Ее глаза — едва видные под полуопущенными веками — все еще быстро, суетливо двигались туда- сюда, точно воробышки в западне.
Но к ней действительно отчасти вернулись голосовые способности. Когда я в тот четверг стоял у постели матери, она непрестанно корчилась, конвульсивно дергала согнутыми в локте руками, похожими на сложенные птичьи крылышки, судорожно шевелила скрюченными пальцами — и кричала. Не столько кричала, сколько рычала — словно каллиопа, в чьи трубки нагнетается под чудовищным давлением пар, — и от этих звуков редкие волосы, что еще остались на моей голове, шевелились от ужаса.
Мать корчилась и стонала, и я тоже начал корчиться и стонать. Должно быть, это произвело жуткое впечатление на Чарли, которому пришлось подхватить меня под руку, чтобы я не упал. (Миссис Уэллс поспешно удалилась при моем появлении и продолжала избегать меня все три дня, проведенные мной в материнском доме. Я не имел возможности — да и особых причин — объяснить старухе, чем я занимался ночью, когда она увидела, как я задираю ночную рубашку матери с целью взглянуть на оставленную жуком ранку. Объяснять свои поступки слугам не принято.)
Я корчился, стонал — и явственно чувствовал, как корчится и мечется взад-вперед скарабей в моем мозгу. Я догадывался — я знал, — что точно такой же скарабей, живущий в мозгу у матери, реагирует на мое присутствие (и присутствие моего паразита).
Вконец обессиленный, я застонал и упал в объятья Чарли. Он чуть не волоком дотащил меня до дивана в соседней комнате. Крики матери стали тише, едва мы вышли из спальни. Мой скарабей угомонился. Я краем глаза увидел миссис Уэллс, торопливо прошмыгнувшую мимо, пока Чарли укладывал меня на диван возле камина в гостиной.
Так продолжалось все три дня, что я провел с матерью — вернее, с пронзительно визжащим, бьющимся в конвульсиях, корчащимся от дикой боли существом, которое в прошлом было моей матерью, — в коттедже в Саутборо близ Танбридж-Уэллса.

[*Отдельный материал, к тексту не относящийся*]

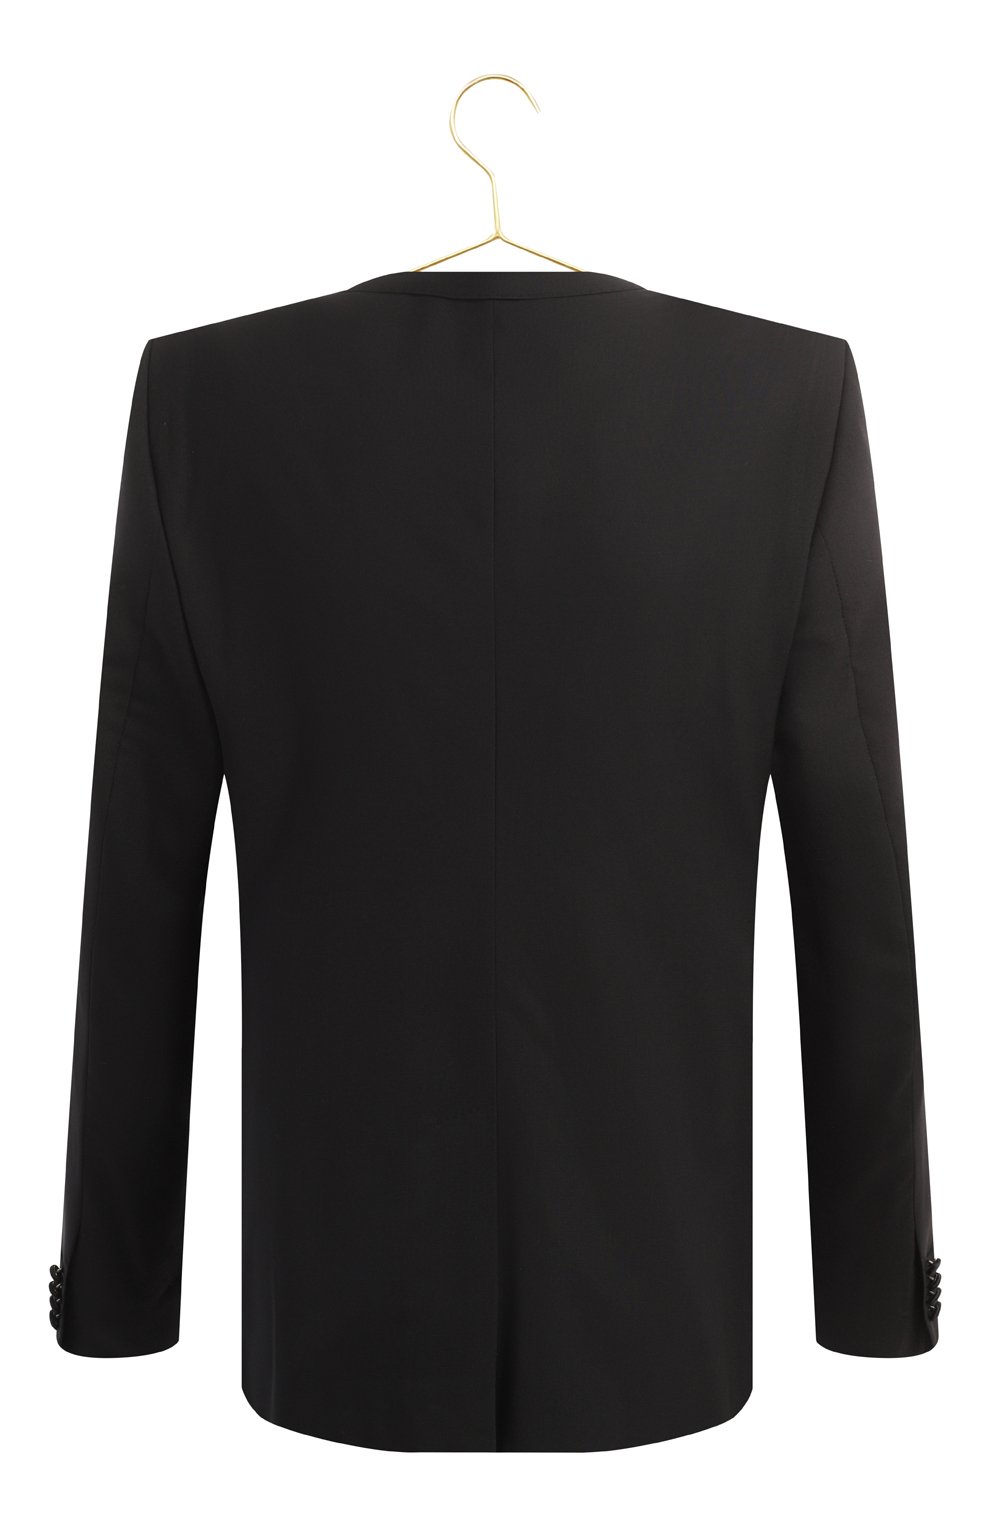 Пиджак из шерсти и шелка | Dolce & Gabbana | Чёрный - 2

Слава богу, Чарли все время находился там — миссис Уэллс наверняка оставила бы свои обязанности сиделки, не будь между нами такого буфера. Если Чарли и задавался вопросом, почему мы с миссис Уэллс стараемся ни минуты не оставаться наедине, он так ничего и не спросил. В пятницу приехал Фрэнк Берд — он снова сказал, что надежды нет, и сделал матери укол морфия, чтобы она заснула. Вечером, перед своим отъездом, он сделал укол морфия и мне. Наверное, то были единственные несколько часов тишины, когда бедный Чарли, мучимый желудочными резями, смог наконец немного поспать, оставив мать под присмотром миссис Уэллс.
Я пытался работать, пока находился в материнском доме. Я привез с собой лакированную оловянную коробку с черновыми записями, заметками, выписками из энциклопедии и часами сидел за крохотным столом у окна, но в моей правой руке, казалось, совсем не было сил. Чтобы макнуть перо в чернила, мне приходилось перекладывать его в левую руку. Но слова все равно не лились на бумагу. Три дня кряду я тупо смотрел на белый лист бумаги, не оскверненный моей писаниной, если не считать трех-четырех корявых строчек, вымаранных мной в конечном счете.

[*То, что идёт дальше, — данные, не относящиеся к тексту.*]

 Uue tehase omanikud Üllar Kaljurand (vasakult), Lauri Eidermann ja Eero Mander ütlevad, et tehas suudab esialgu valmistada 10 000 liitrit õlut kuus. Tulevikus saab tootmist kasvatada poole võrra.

Через три таких бесплодных дня мы с братом перестали делать вид, будто мое присутствие там необходимо. Матери становилось гораздо хуже, когда я к ней приближался; стоило мне войти к ней в спальню, она начинала корчиться, биться в судорогах, пронзительно вопить, и у меня тоже боль неуклонно усиливалась, покуда я не падал в обморок или не удалялся прочь.
Чарли упаковал мои вещи и отвез меня обратно в Лондон на послеполуденном курьерском. Перед отъездом он отправил Фрэнку Берду и моему слуге Джорджу телеграммы с просьбой встретить нас на станции — чтобы усадить меня в наемный экипаж, понадобились соединенные усилиях всех троих. Когда меня на руках втащили в дом и понесли наверх, в мою спальню, от внимания моего не ускользнуло, каким взглядом смотрела на меня Кэролайн, — во взгляде том читались тревога и жалость, но также смущение и презрение, возможно даже, презрение, граничащее с отвращением.
Берд сделал мне дополнительный укол морфия, и я провалился в глубокий сон.
Пробудись в благости!
Ты пребываешь в благости!
Гор из Эдфу пробуждается к жизни!
Боги восстают ото сна, дабы поклониться духу твоему,
О, священный крылатый шар, взмывающий в небо!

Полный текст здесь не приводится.